I would love to come and sell my husband's turnips if you are still hosting.


----------



## Olimar (Apr 22, 2020)

will be in a work meeting for a bit! will try to get people in when I can <3


----------



## Ashariel (Apr 22, 2020)

Can I  come by pls


----------



## Olimar (Apr 22, 2020)

Things have slowed down but I'm still open!


----------



## AccfSally (Apr 22, 2020)

Can I come over?


----------



## moopig (Apr 22, 2020)

did you close up?


----------



## Olimar (Apr 22, 2020)

still open! anyone who wants to come just let me know


----------



## lizkun2point0 (Apr 22, 2020)

Hi! Still open? Would love to stop by


----------



## Cutesy (Apr 22, 2020)

Hello, if you are still open I'd love to stop by when you have a chance!


----------



## pacs (Apr 22, 2020)

I'd like to stop by! If your still going


----------



## mitfy (Apr 22, 2020)

may i come over if possible? :3


----------



## Olimar (Apr 22, 2020)

still going strong! glad so many people are getting to sell their turnips


----------



## Dreamest (Apr 22, 2020)

I can bring purple tulips. <3


----------



## spydre (Apr 22, 2020)

Hello! I can bring Lily seeds if you're still open 

Edit: I'm sorted now - happy to give you lily seeds though if you need them


----------



## Olimar (Apr 22, 2020)

yes yes! There was a comm error so send me a message if your session got interrupted, and anyone who still wants to come let me know so I can get you the new code!


----------



## ellienoise (Apr 22, 2020)

Hi! Could I visit? I can bring blue hyacints!


----------



## toenuki (Apr 22, 2020)

May I?


----------



## Trip (Apr 22, 2020)

looking to sell if you're still accepting people, I can tip a nmt


----------



## Olimar (Apr 22, 2020)

we are still open for business! If anyone has any color cosmos besides red and wants to leave any that would be greatly appreciated  again: plant, not picked! and also again: don't feel like anyone has to leave anything <3


----------



## goro (Apr 22, 2020)

If you're still open, I can tip a golden nugget and some white windflowers


----------



## Emmymarie (Apr 22, 2020)

If you're still open I'd love to come by!
Can give 3 blue windflowers or I have a pink cosmo I can give


----------



## kalinn (Apr 22, 2020)

I would like to come if possible please!


----------



## onionpudding (Apr 22, 2020)

I would love to come!! I have so many hybrids I don't use so I could drop them off after!

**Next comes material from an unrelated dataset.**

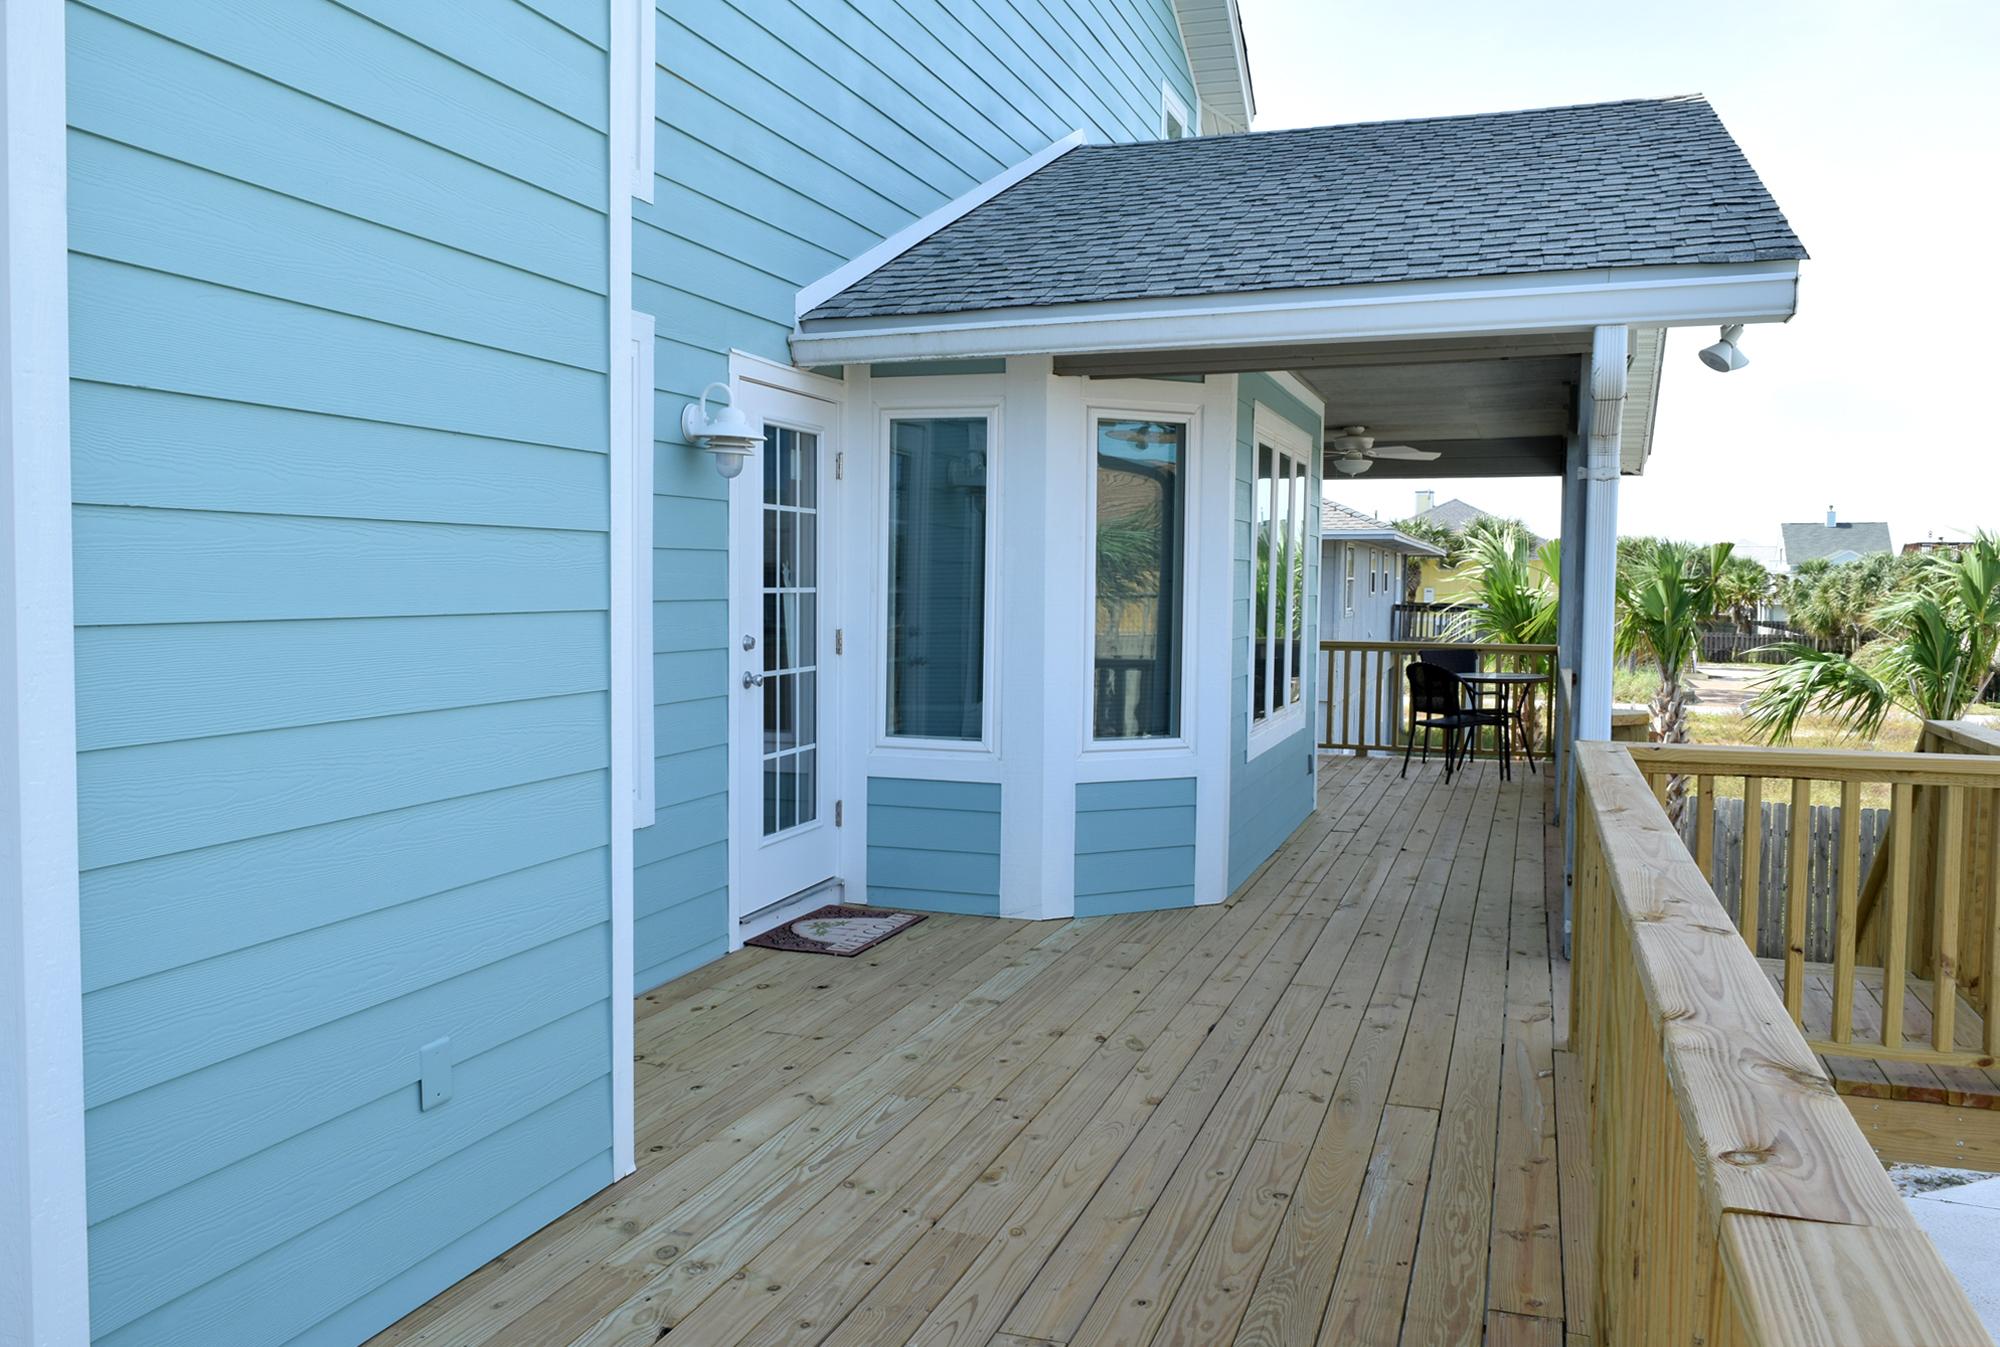 Maldonado 1103 House/Cottage rental in Pensacola Beach House Rentals in Pensacola Beach Florida - #20

Also, do you allow multiple trips or just one? If you allow multiple, I can drop off the hybrids on my final trip!

Let me know~


----------



## zola (Apr 22, 2020)

i would love to come if you still have space!


----------



## mwgiii (Apr 22, 2020)

If you are still rolling, I would like to visit. 

Message sent.


----------



## lizkun (Apr 22, 2020)

I'd like to stop by if you're still accepting !


----------



## alebrije (Apr 22, 2020)

I would really appreciate the chance to sell my turnips. Don't need more than one trip!


----------



## Pickledsugar (Apr 22, 2020)

Pm sent


----------



## Olimar (Apr 22, 2020)

just sent the code to the last couple people I'm letting in. It's been a good 7 hours, y'all! Over 50 people visited and for not requiring tips I'm more than thankful for everything that people left for me :')

Until the next time I have stellar 'nip prices- stay safe and wash your hands!


----------